== WORK TO BE COMPLETED ==
With pictures left out, return only the lines from the line containing "Clarks Mens UN" through the end of the material below, both included.

DATA SEGMENT section start

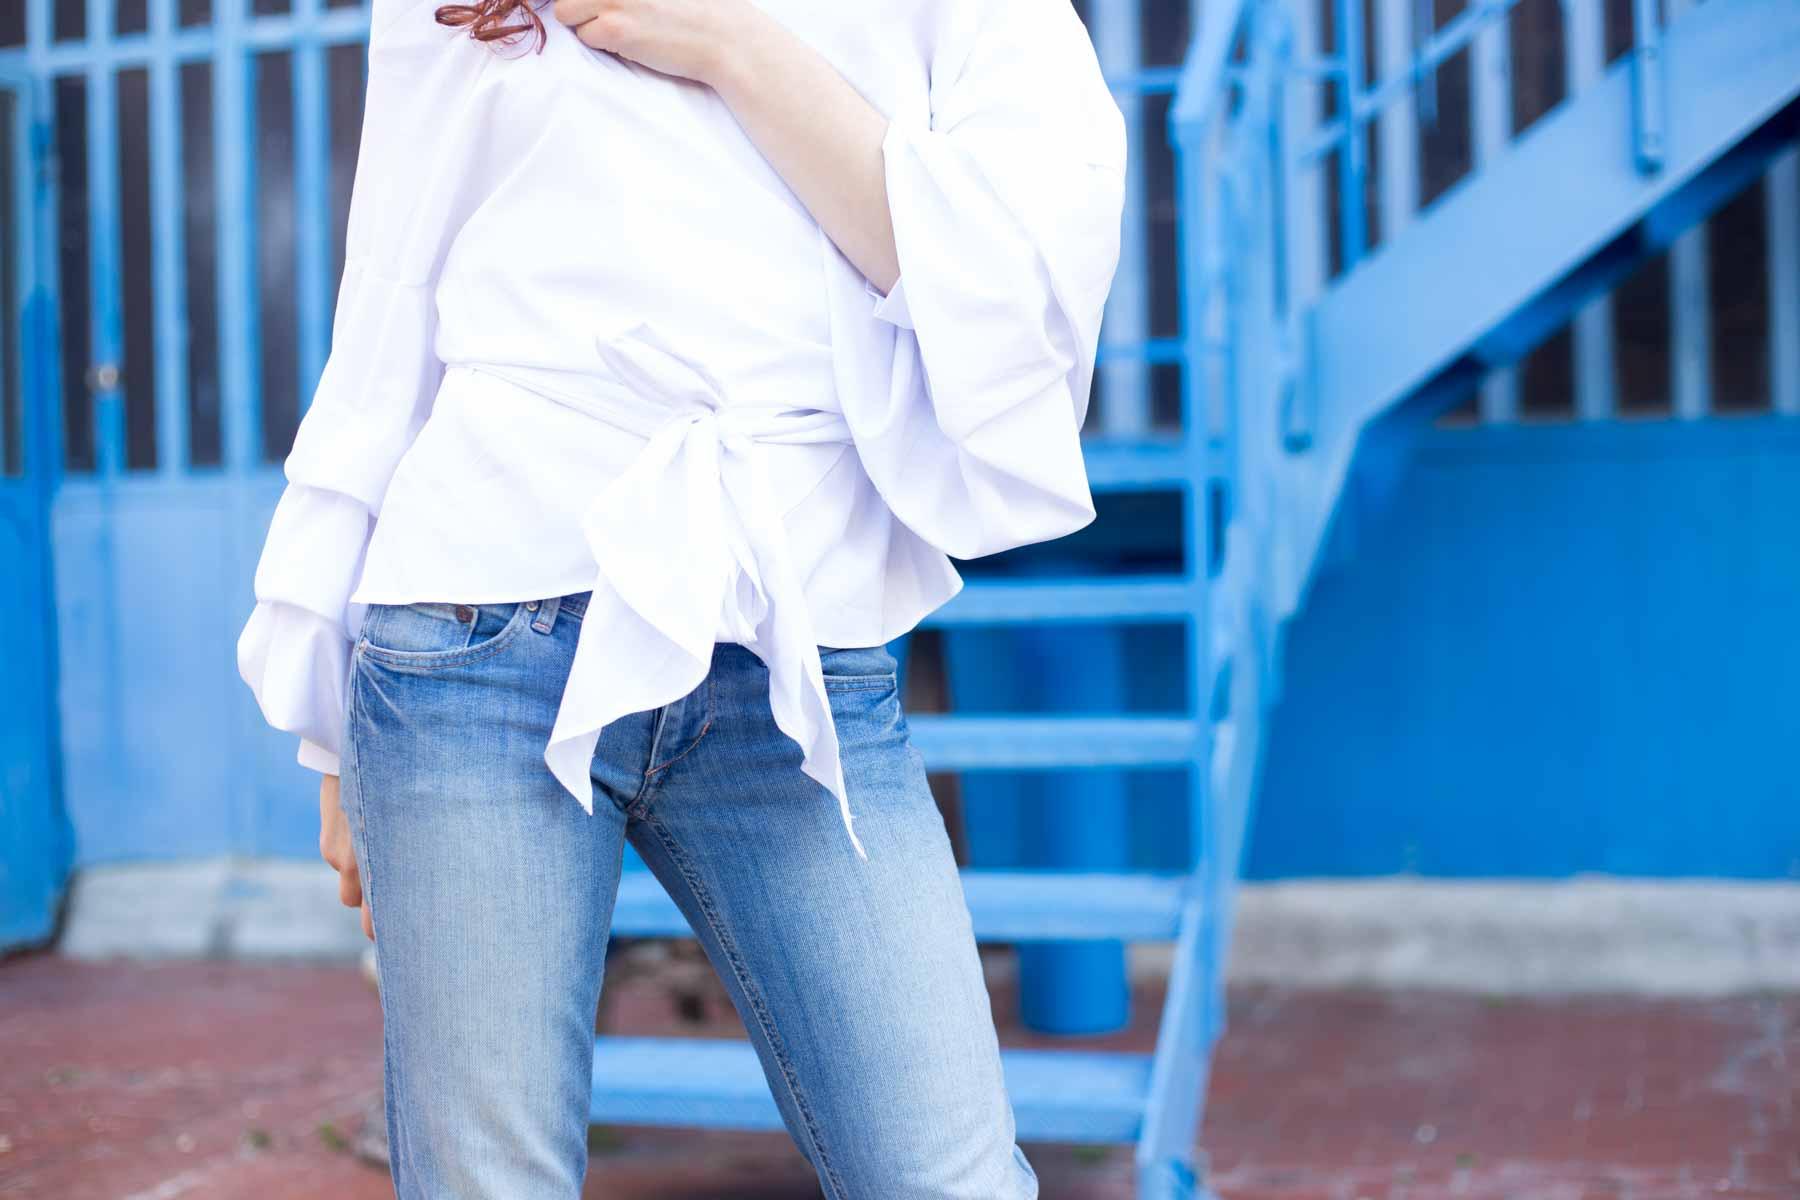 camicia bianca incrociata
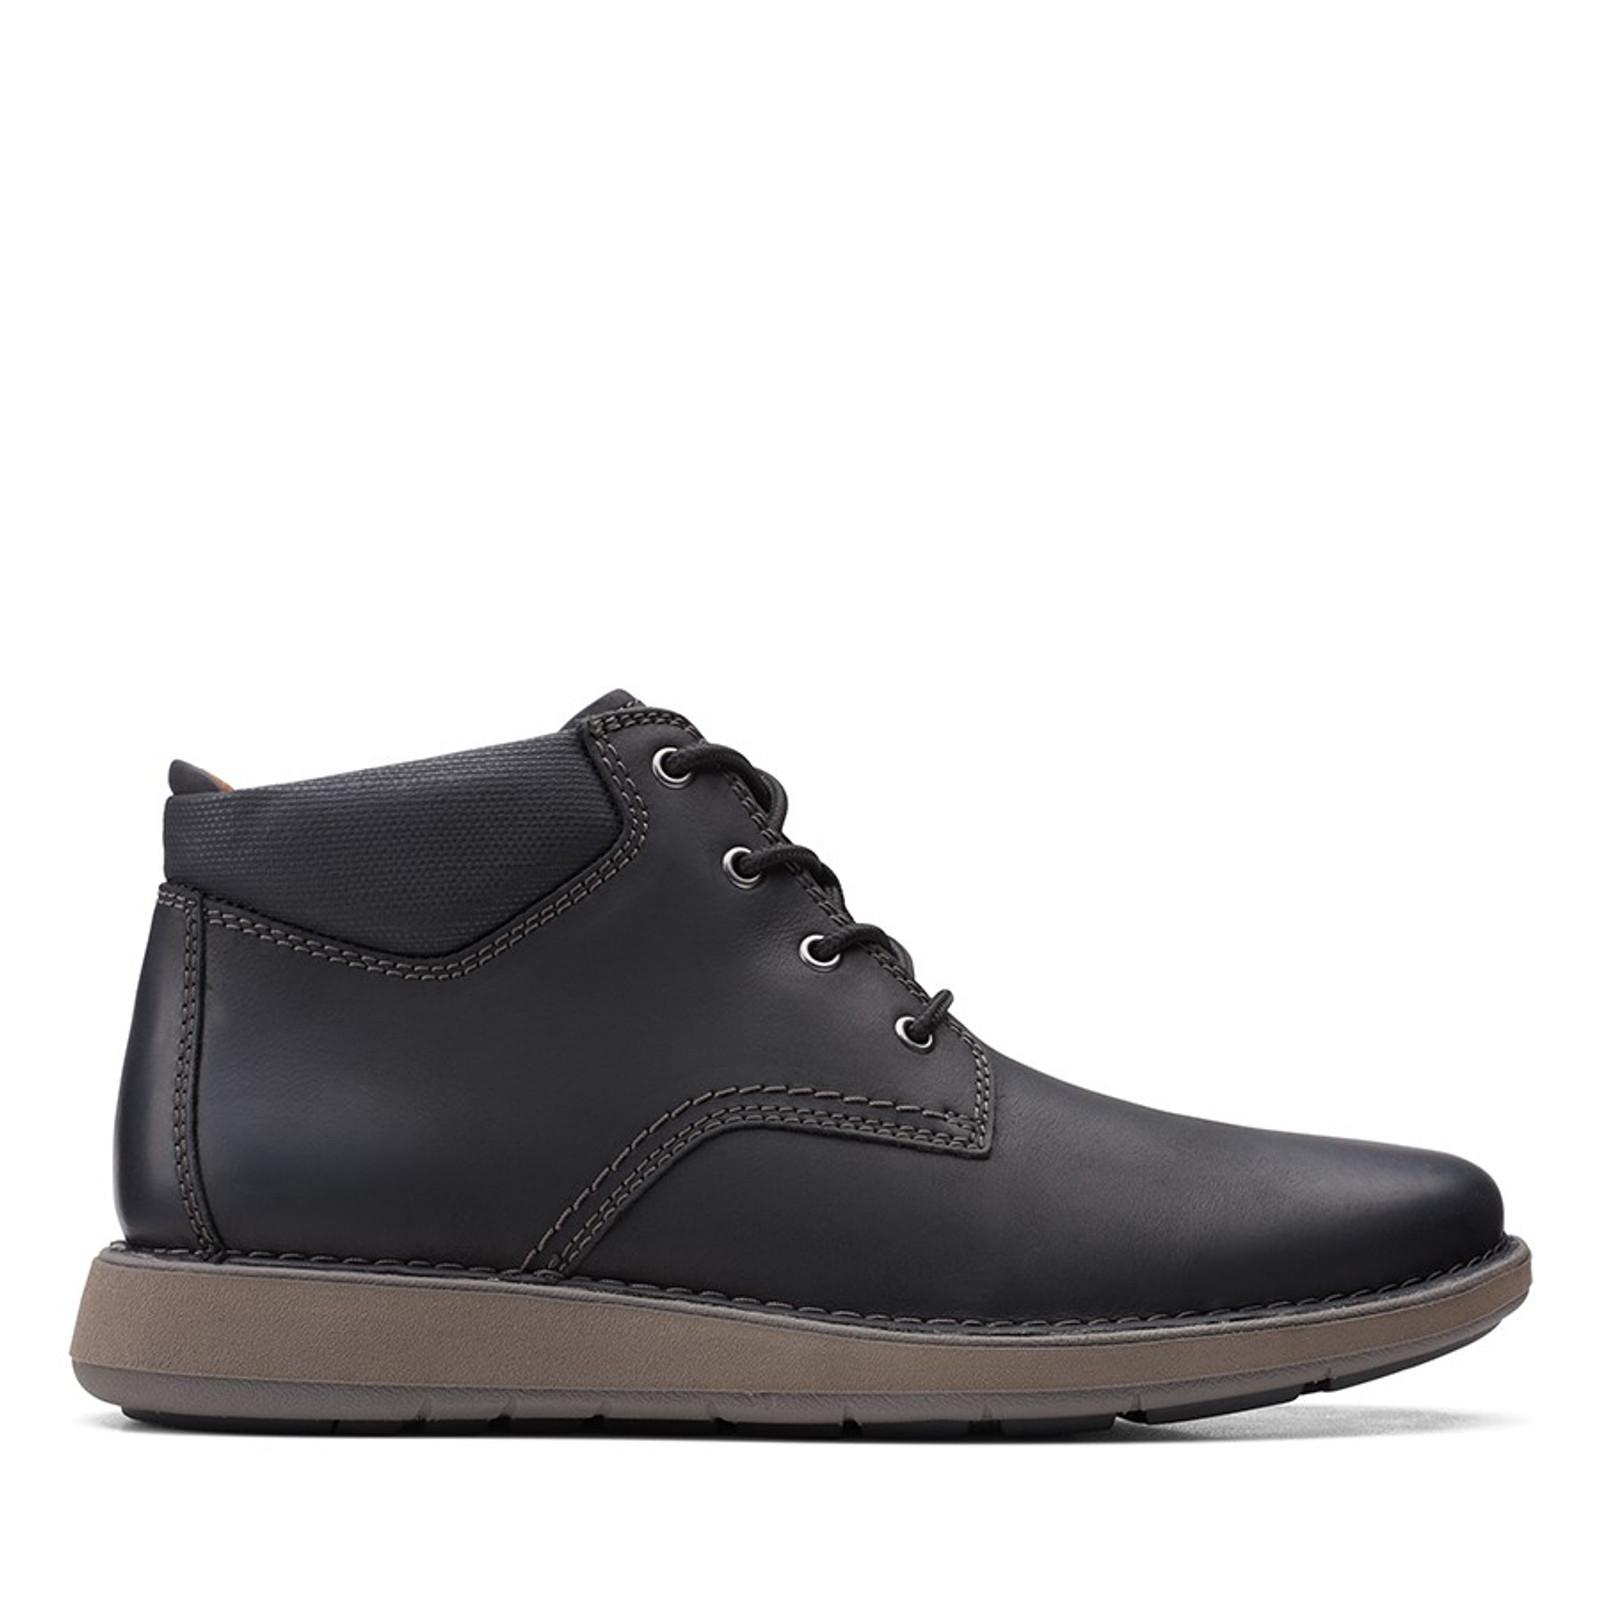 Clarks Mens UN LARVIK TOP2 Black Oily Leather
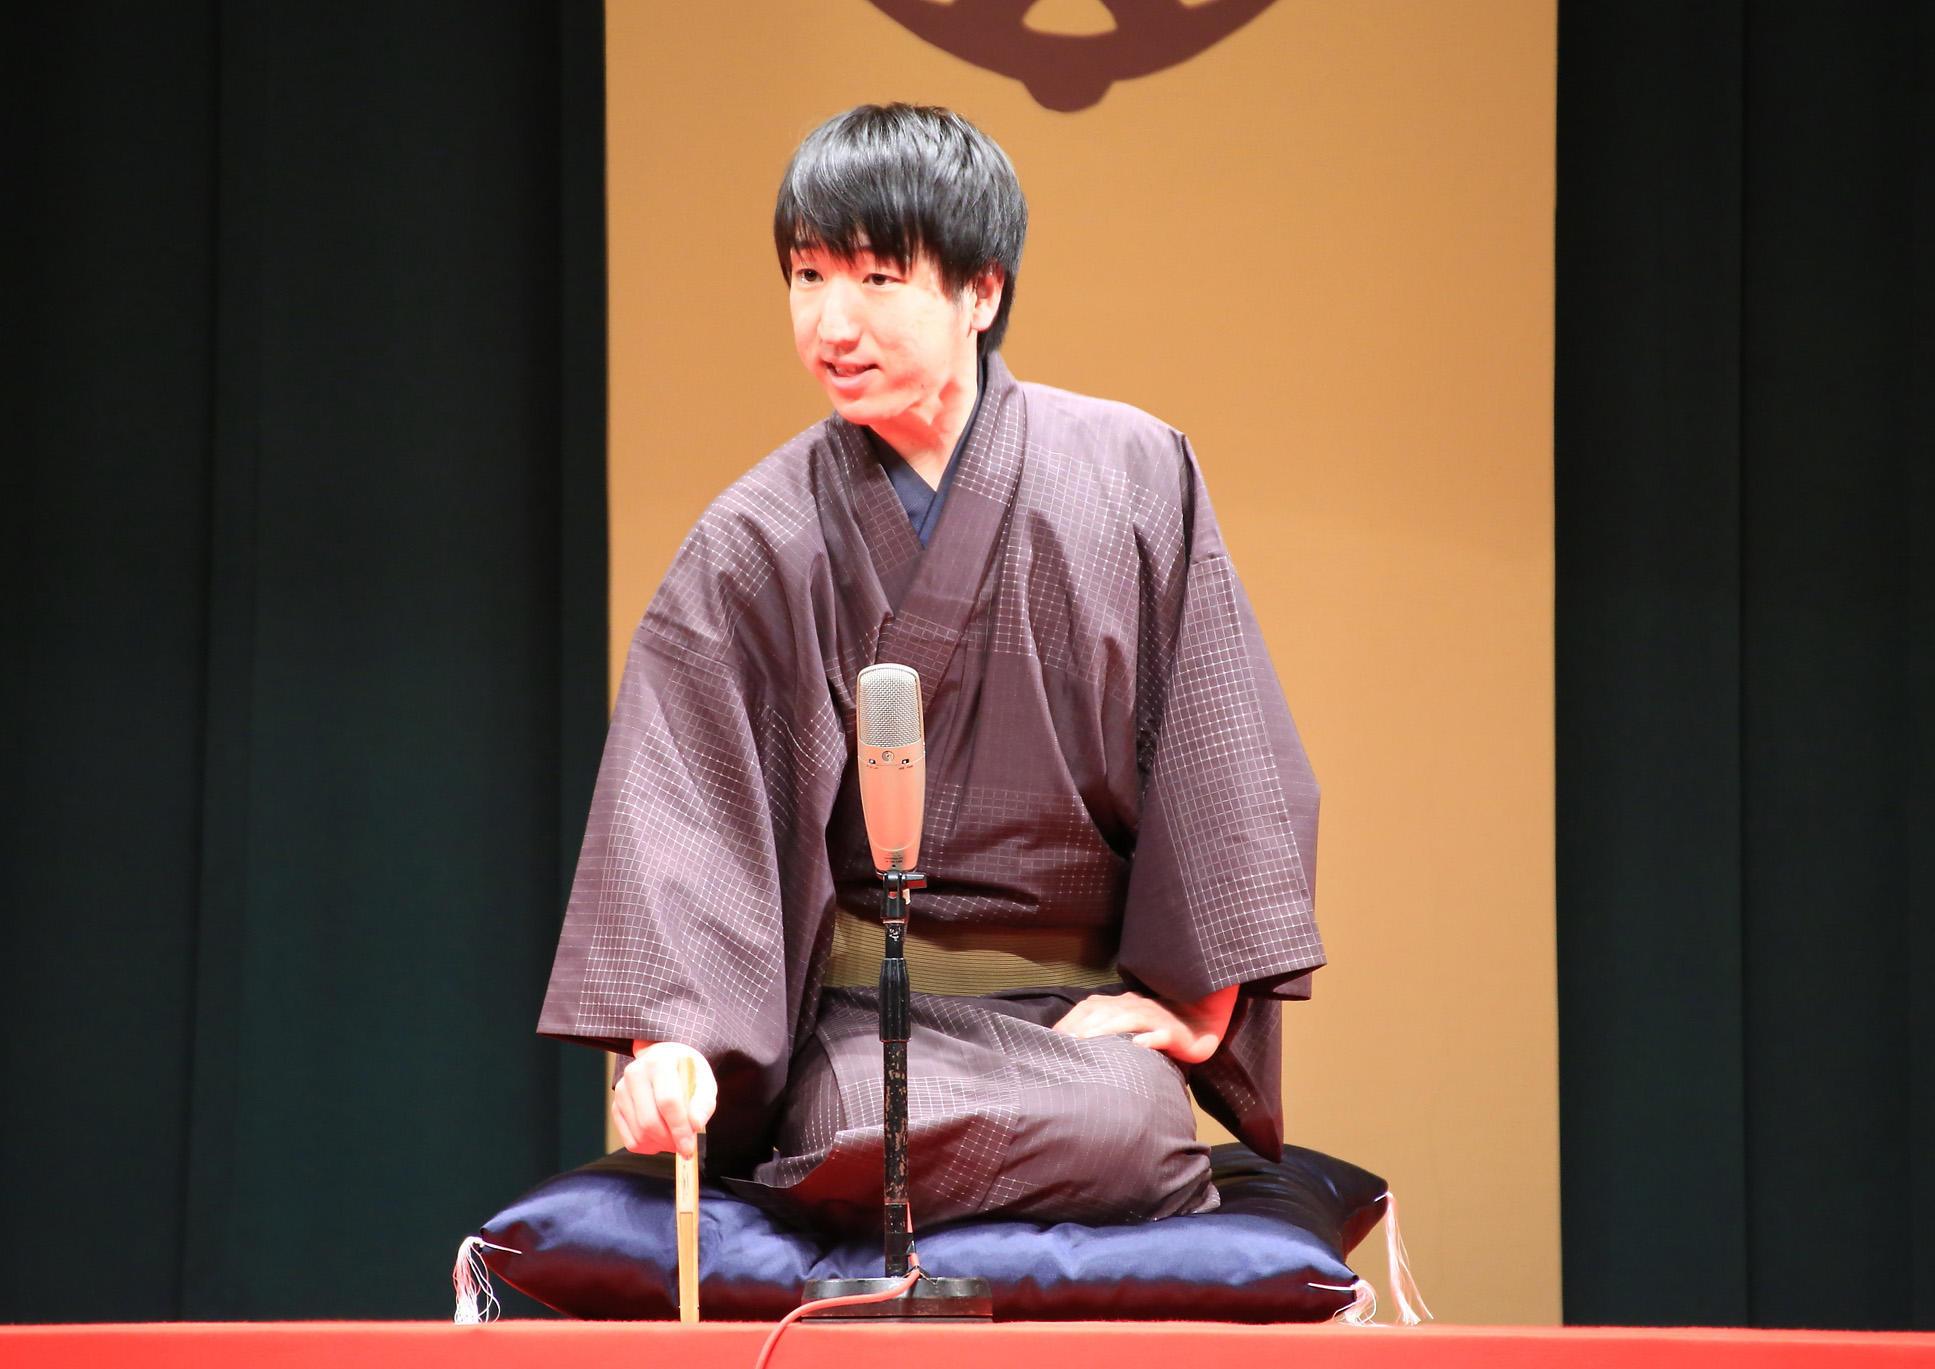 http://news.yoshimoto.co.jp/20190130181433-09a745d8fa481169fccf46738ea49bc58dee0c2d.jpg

DATA SEGMENT section end

== YOUR RESPONSE ==
 Clarks Mens UN LARVIK TOP2 Black Oily Leather
 http://news.yoshimoto.co.jp/20190130181433-09a745d8fa481169fccf46738ea49bc58dee0c2d.jpg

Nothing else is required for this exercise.